Monday, May 16, 2016

In the Developed World, Women Over 50 Need to Be Our Focus: My Reply to Cherie Blair


by Dr. Ellen Brandt


A few days ago, LinkedIn featured a post by Cherie Blair, reworked from her talk at the recent Milken Institute Global Conference on the world economy. Blair, the wife of former UK Prime Minister Tony Blair and a prominent attorney and political figure in her own right, is also, like Hillary Clinton, a leading Limousine Liberal, preaching a One-World agenda that advocates one-kind-fits-all economic strategies and practices for every country and region of the globe, seeking to level all economic, social, and cultural differences.

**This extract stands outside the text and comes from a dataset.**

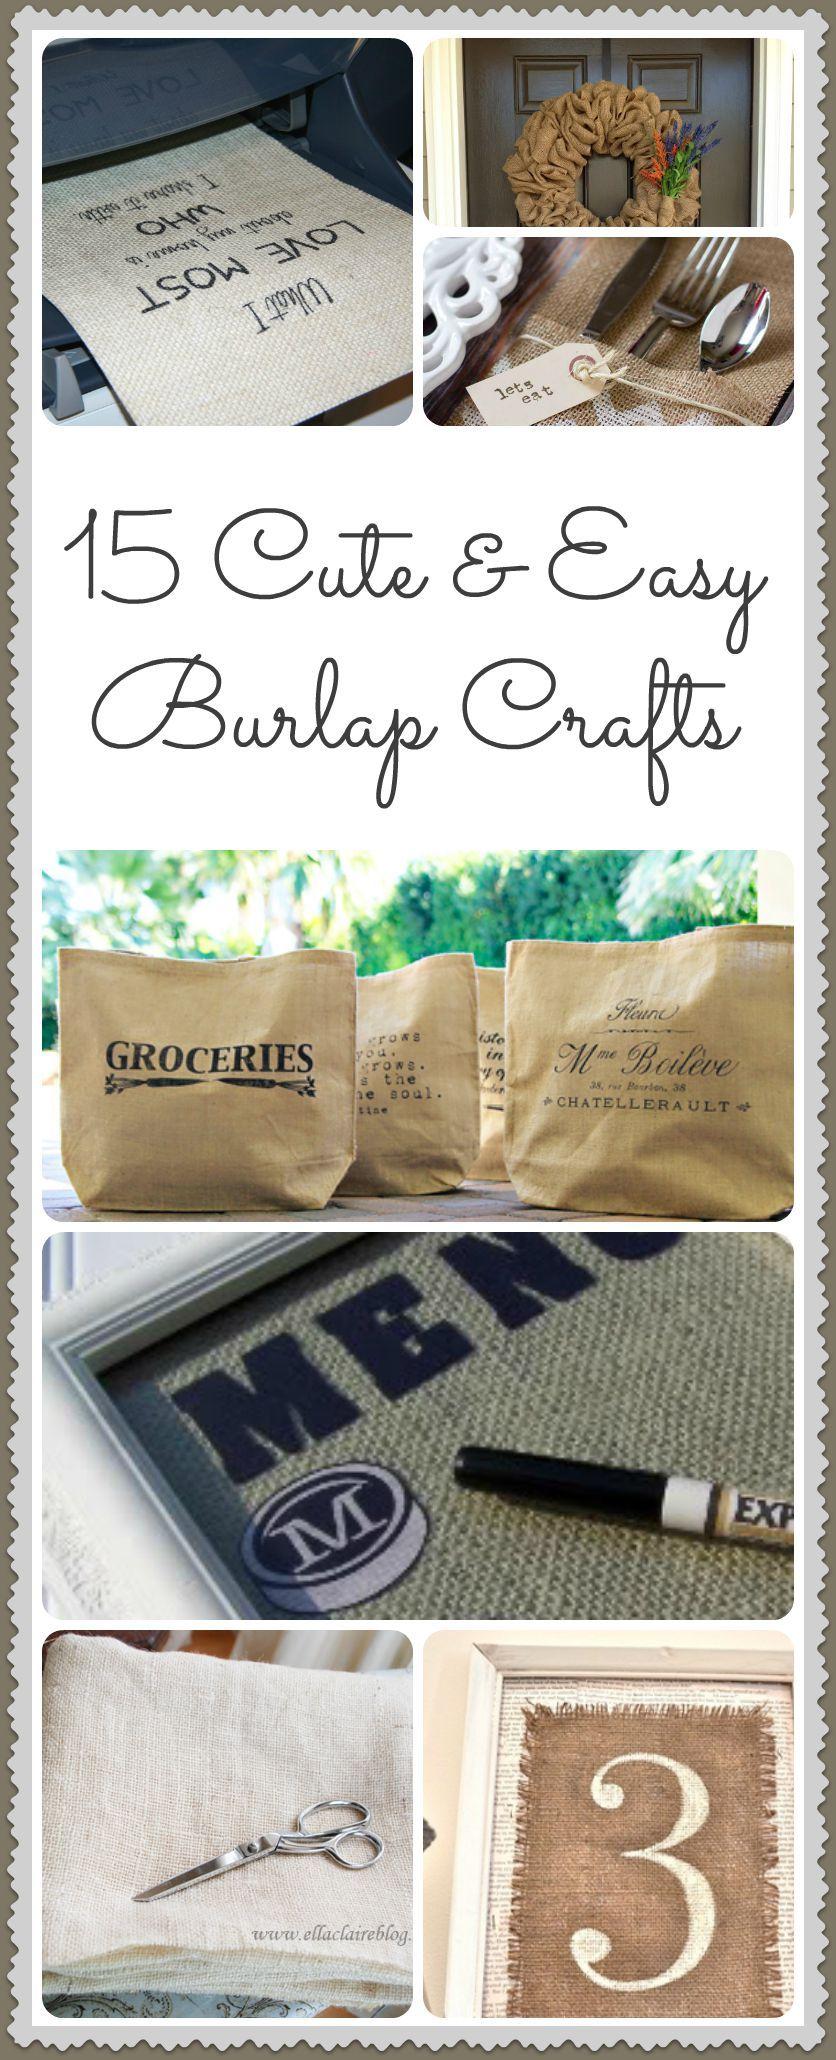 15 diy burlap crafts ideas burlap crafts burlap

Many of us, especially we Republicans, don't like this philosophy one little bit! But addressing the general topic of the Limo-Lib One-Worlders is not the purpose of this article.


I want to share my reply to the specific story Blair just posted, called "Empowering Women Will Drive Economic Growth." The story cited a just-out study by management consultants, which claimed getting more women into the workforce in Developing Countries, plus aiding women entrepreneurs in those countries, would add $28 trillion to worldwide GDP.


Let me stress that I have nothing whatsoever against such efforts aimed at Developing Countries and its female populations, particularly if they are funded and implemented by those Developing Countries themselves.


But once more, good intentions towards the Developing World - and its demographic profile, which now skews dramatically younger than that of the Developed World (plus China) - emphasizes a persistent bias towards the Young and against the Mature, which hasn't been helping anyone anywhere, including the citizens of the Developing World itself, where the masses of the extremely poor have been growing, not shrinking, during at least 30 years of One-World agenda bias.


In any case, here is my reply to Cherie Blair, which I believe readers might appreciate:


(The Reply): Cherie, your headline and thesis is only true - at least, in the Developed World, plus China - if special efforts are made to include the close to 1/2 of American - and European and Japanese and Canadian and Australian and Chinese - women who are now age 50 and above.


In the United States, "Gray" women age 50 and older are already close to 46 percent of all women, period. And the statistics are similar in the other countries and regions cited.


Over 43 percent - or more than 2 in 5 - American women and men are now "Gray" Americans 50 and over. But women still outlive men in the Developed World and China, so women's demographics are "graying" faster.


Moreover, as I am certain you, Cherie, as a highly-educated older woman know, women over 50 throughout the Developed World and China tend to be better educated than our male counterparts, not less so, with higher, not lower, percentages of college-educated women in many Developed countries, for example.


And since women have been pretty much totally integrated into the workforce since we Baby Boomers - people in our 50s and 60s - were teenagers, we also tend to be every bit as experienced, skilled, and entrepreneurial as our male age peers.


The great economic gap - and employment gap - in the Developed World plus China right now has far less to do with Women versus Men - or any ethnic group versus any other ethnic group - than it has to do with generational inequalities, part and parcel of the overall income inequality that has hit this world hard the past 30 years.


All our "Gray" citizens, women and men alike, have been quite literally thrown on the garbage heap of economic, social, and cultural life, for the sole reason that we crossed an imaginary Economic Maginot Line when our hair turned gray.


It is high time to take up the cause of "Gray" Americans and Europeans and Japanese and Chinese and all the other "Gray" citizens worldwide. We - and no other group - are mainly responsible for the Populist upheavals shaking U.S. politics this cycle, with "Grays" in other countries and regions of the globe every bit as angry and as anxious for change.


In terms of international programs and development initiatives geared specifically towards women, be sure that Women Over 50 - which will soon mean an astonishing one-half of all women in the Developed World plus China - are included in such programs. In fact, because of our exceptional educational attainments and work experience, perhaps Women Over 50 should also be the ones implementing such programs and administering them.